The WHFC contributed to the 6th Annual Massachusetts Maritime Academy-New England Aquarium High School Marine Environmental Symposium on February 25th and 26th. The symposium was held on the shores of Buzzards Bay at the Cape Cod Canal Academy campus, under the guidance of Mr. Christopher Ryan (MMA), Executive Director. Every year buses depart for behind-the-scenes tours of the New England Aquarium and Woods Hole Scientific Community.

Bruce Tripp (WHOI) and Chris Polloni (USGS) organized the tour of Woods Hole with able assistance from Sandra Murphy (WHOI Information Office) and Marga McElroy (WHOI Engineering). They met the buses at the School Street lot and led the students and teachers around Eel Pond and past the Bell Tower to the Redfield Auditorium for a briefing and introduction to the village. The briefing included a video introduction to the Woods Hole Oceanographic Institution. The guided tour included four stops that were visited simultaneously by each of the four groups of students that were led by Bruce, Marga, Sandra, and Chris. The sites were the WHOI Deep Submergence Laboratory, WHOI Exhibit Center, NOAA Aquarium, and R/V Oceanus.

Tom Crook explains JASON
Tom Crook explaining the JASON system.
Andy Bowen, Tom Crook, and Will Sellers provided an overview of the WHOI Deep Submergence Laboratory operations while standing next to a re-engineered JASON. They gave details of the system and aspects of the mechanical arm and manipulators. A large poster depicted a mosaic, produced by the DSL team, of the archaeological find that included amphoras (wine containers) from a Phoenician ship from the age of Ptolemy, discovered during a recent expedition to the Mediterranean that was featured in National Geographic.

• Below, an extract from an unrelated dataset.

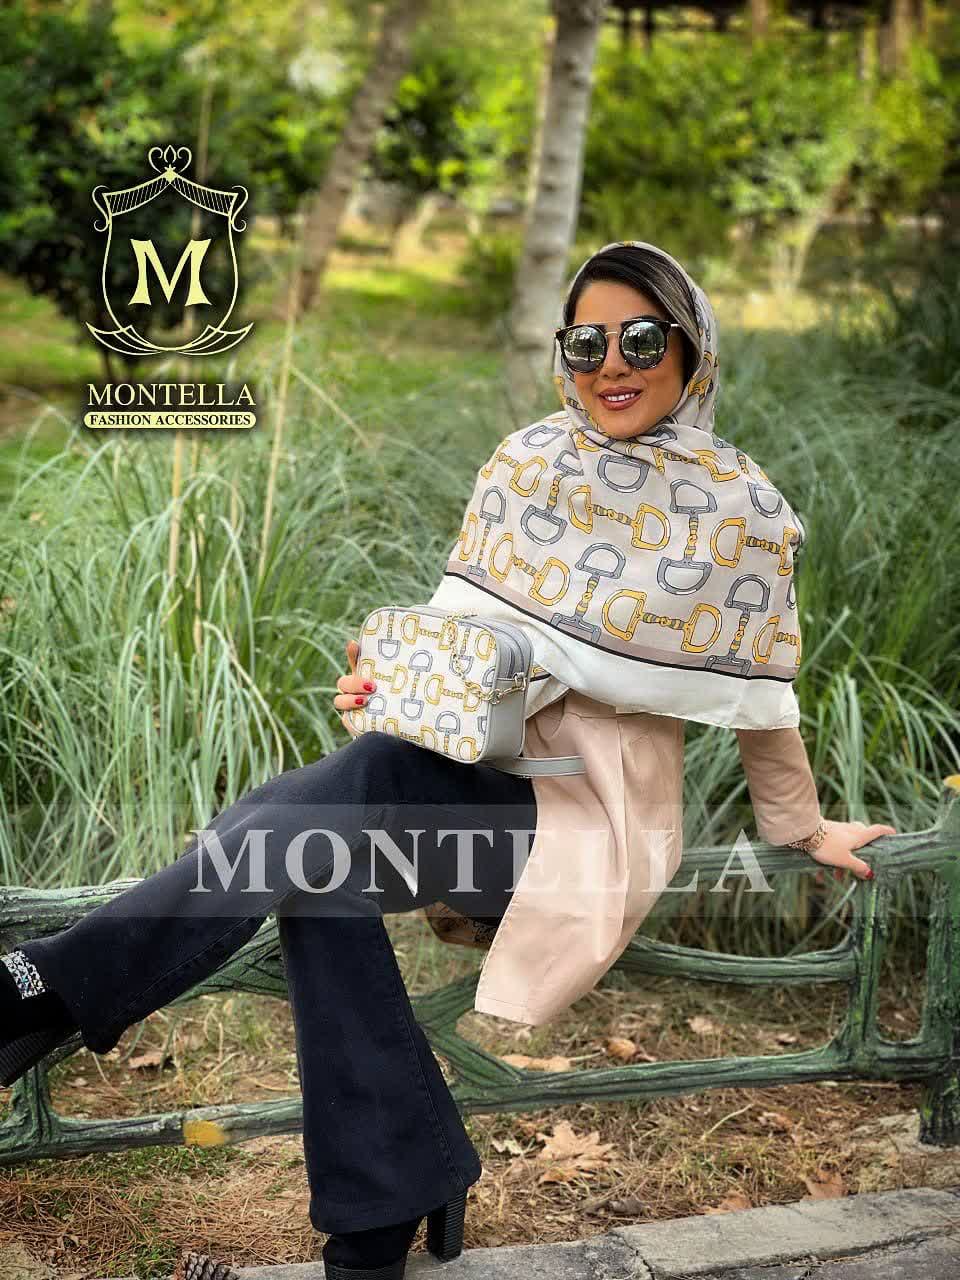 ست کیف و روسری زنانه طرح نلین رنگ زرد با کیف کوچک کیفیت عالی با ارسال رایگان کد mo428
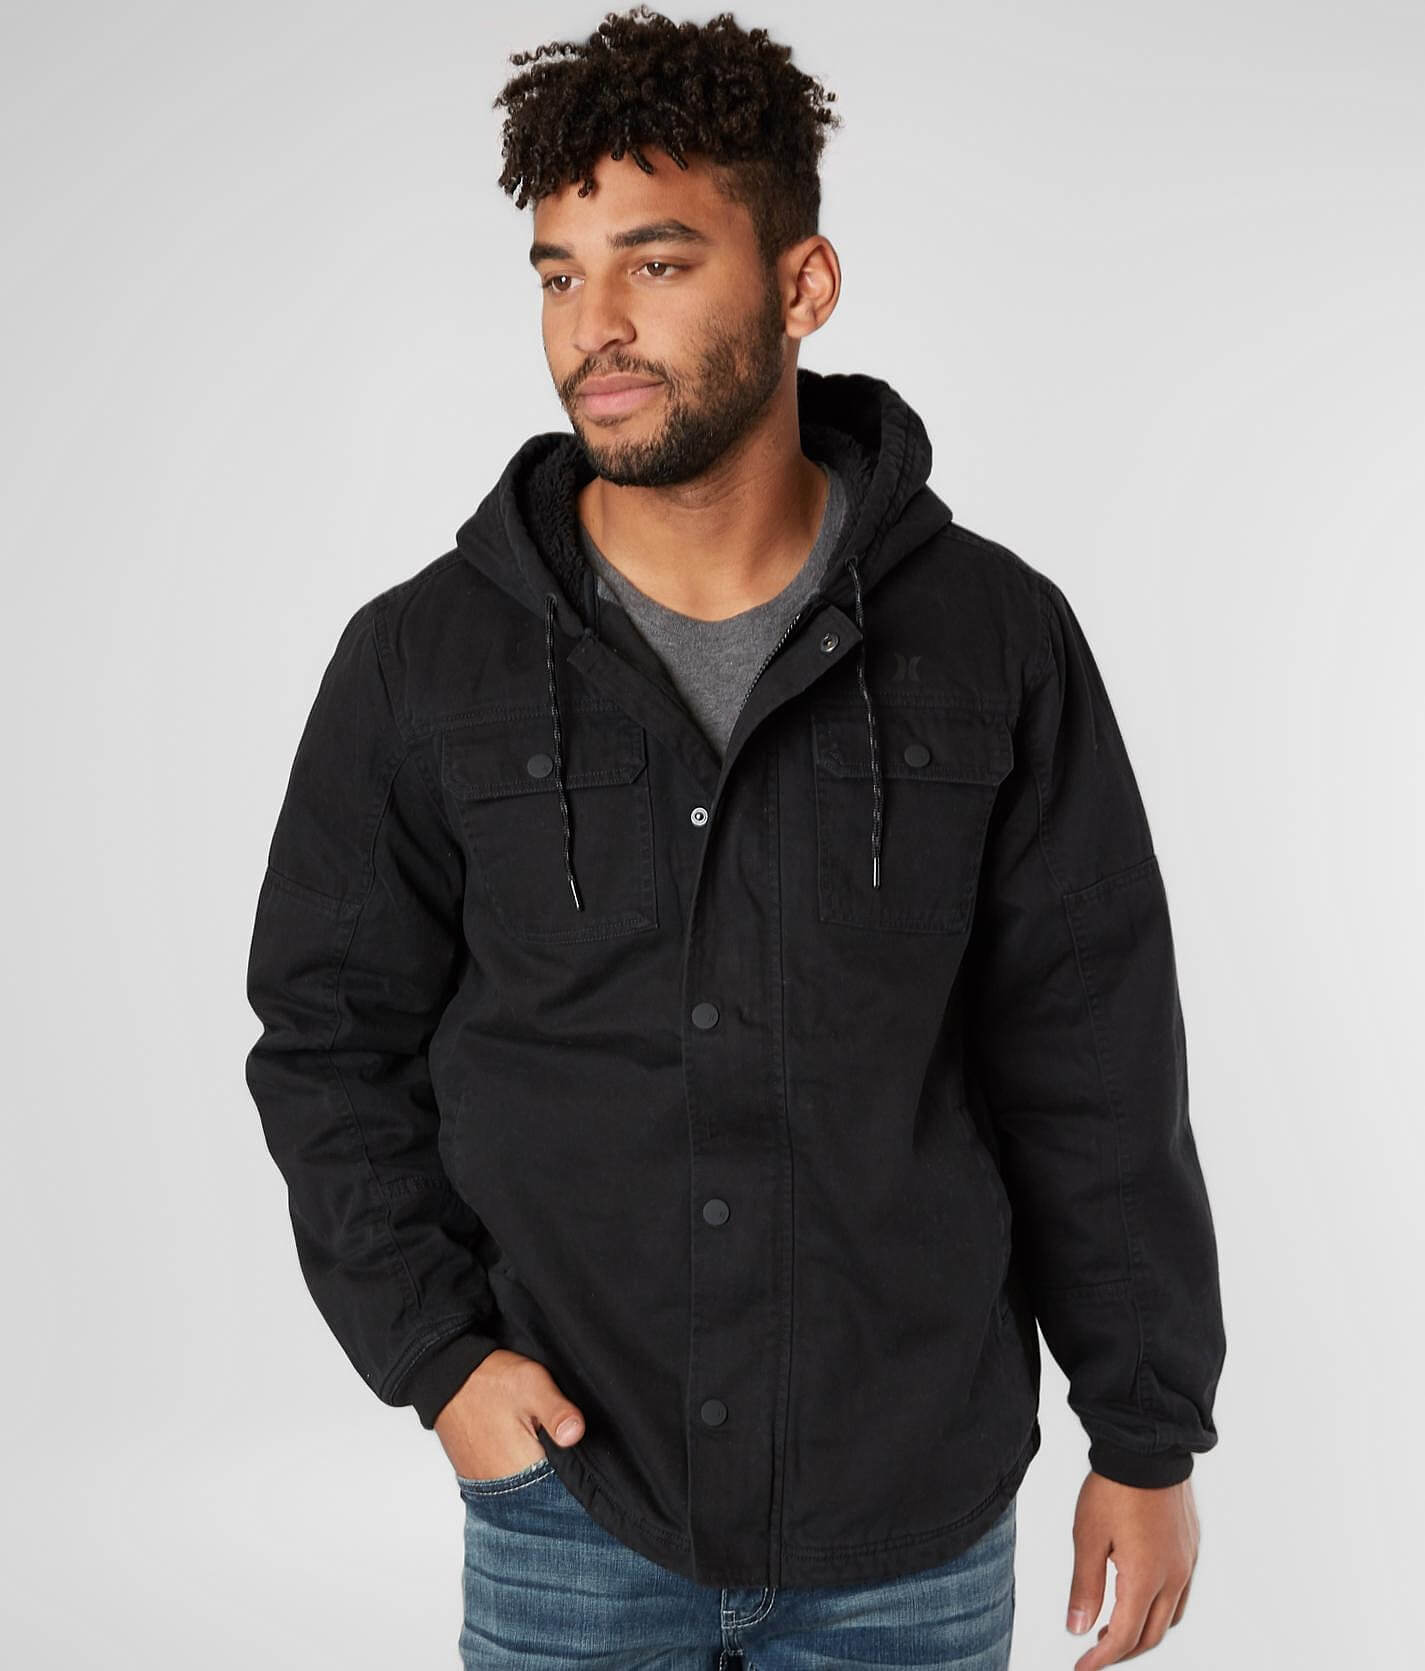 hurley men's outdoor hooded jacket

Helen Longyear opened the WHOI Exhibit Center for the tour. The center showcases a mockup of ALVIN and had pilot Dudley Foster and researcher Pamela Polloni as presenters. Dudley discussed deep submersible technology and aspects of rift vent exploration. Pam talked about a polychaete worm, Biremis blandi, which was found by Pilot Ed Bland during a dive in the Tongue of the Ocean, and Pam later co-authored the formal publication describing this discovery.

David Radosh made the NOAA Aquarium available. Anne Smrcina (NOAA, Stellwagen Bank National Marine Sanctuary) and Tammy Middleton (USGS) provided respective overviews on the biologic and geologic mapping that is being accomplished as part of the joint agency research on the bank. The animals at the NOAA aquarium are representative of the population on the bank, and Anne provided a quiz list for the students to use as they identified the critters in the tanks.

The last site was sponsored by Alan Gordon and Hovey Clifford of the WHOI Marine Operations facility. The R/V Oceanus just happened to be at the dock and was part of the facility tour, as was the high bay area where buoys and other deep-sea instruments were being configured for deployment.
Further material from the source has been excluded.